Hi all,
Great thread, and sorry to come to it rather late in the day! Pretty much everything I would have said has been said already, particularly in Jonathan Whitson Cloud's comments, but I offer one or two further observations.
It has been interesting watching the conflation of Collections Management System and Content Management System in this thread. From our perspective, a key issue in the years ahead will be the question of systems integration, and how integrated systems can better support the overall process of delivering museum services in future.
Currently, most museums we talk to operate standalone systems for different functions. Hence in a medium-to-large museum, you might find:
- One or more departmental Collections Management Systems
- A web Content Management System
- A Digital Rights Management System
- A Digital Asset Management System
- User/access control systems
- Local Area Network containing files/documents
- School Group Bookings Systems
- Office/productivity systems (including Contacts systems)
- Customer Relationship Management Systems
Alongside all of these systems, you will also have the human infrastructure of tacit knowledge and expertise as well as the very significant but largely invisible output of individual/personal learning, research and response associated with the Collections.
Under the current model, each of these systems is effectively a silo, with the result that investment made in generating knowledge in one system is often effectively invisible to the others. This militates against both flow and serendipity, and it makes it difficult for the museum to leverage the strength of the totality of intellectual potential that is running through it.
I am, therefore, less bothered about whether a CMS (or any of these other systems) is open source or not, and much more interested in whether they are *open* in the sense that they can be made to interoperate in a proportionate and sustainable way with the other systems in the institution - and hence support rather than retard the process of capitalising on our knowledge assets.
It seems to me that the two critical developments here are (a) modularity and (b) Software as a Service. I believe that we need to be specifying modular systems, or systems which are capable of expressing content within a consistent framework (along the lines of the BBC Digital Public Space), so that we don't give ourselves the overhead of hard-wiring particular forms of semantic interoperability. This modularity is much more scalable (and therefore affordable) if we allow vendors to supply the software as an evolving service rather than a boxed product. I understand why people are resistant to SaaS for their Collections data, but this inertia is holding back the development of more scalable approaches to museum systems.

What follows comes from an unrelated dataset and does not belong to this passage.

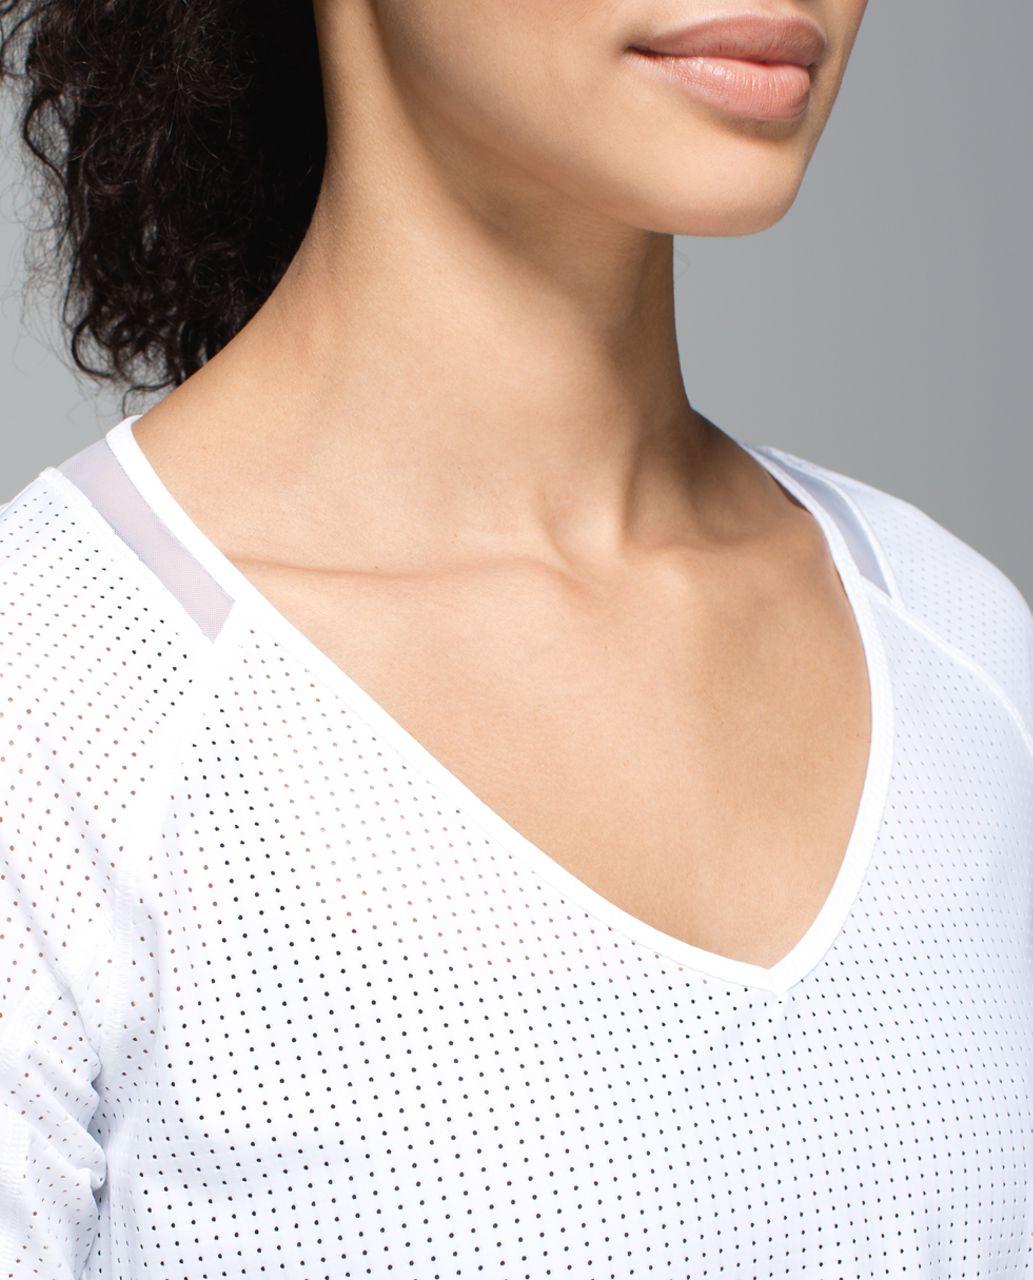 Lululemon Var-City 1/2 Sleeve - White

Underpinning all of this is the idea that museums have experienced a real paradigm shift in that the core functional model of a museum has expanded to incorporate publishing and broadcast as well as locative experience. An effective publishing workflow is one which decouples raw material (knowledge and assets) from delivery, permitting an infinitely extensible set of use cases. Museum knowledge and information management is still very siloed and lossy and it will only be when a piece of information published in one system can be effortlessly repurposed into a number of other systems (without prior knowledge of the internal structure and workings of the destination systems) that our knowledge of collections can fulfil its potential to support the broadest range of forms of engagement.
This model of flow can, of course, also be extended beyond the institution. The underlying promise of Linked Data, it seems to me, is that it will enhance the flow of contextual references both into and out of the museum systems. It might be that the most open Content Management System for a museum would involve using the Web as a CMS in much the same way as the BBC (http://derivadow.com/2009/01/13/the-web-as-a-cms/). It is interesting to speculate what lies at the end of that concept - in which the question of which repository your data sits in is much less important than how you configure the applications you use to interact with it.

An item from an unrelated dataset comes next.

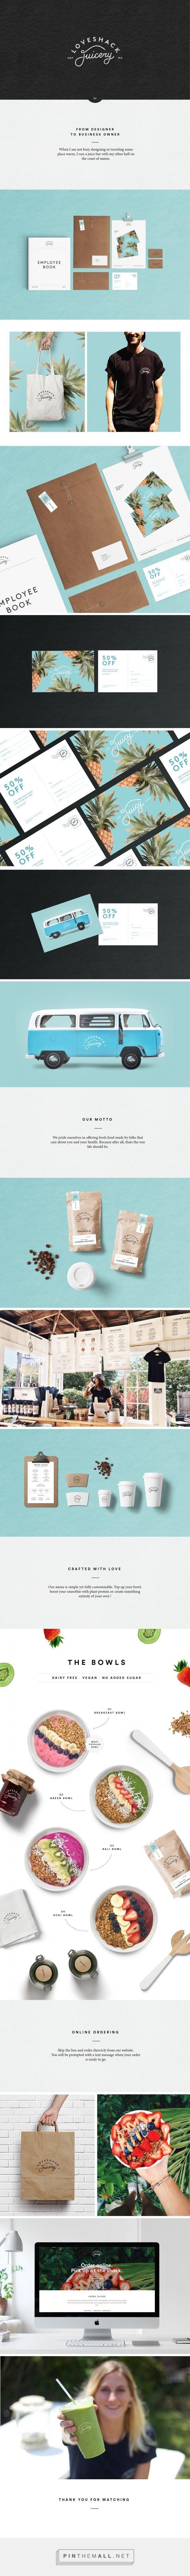 Loveshack Juicery Branding by Cecile Godin | Fivestar Branding Agency – Design and Branding Agency & Curated Inspiration Gallery

Anyone can build a Collections Management System - just take SPECTRUM and build it (not to belittle the achievement of those that have!). Making the software and making it open source is not the problem. The problem is in creating solutions which will support the ever-evolving needs of museums and which will scale across the vast differences in technical competence across the museum community and then creating a viable organisation in the process. I think most of our SPECTRUM Partners would agree that they are less in the software business and more in the consultancy and professional development business.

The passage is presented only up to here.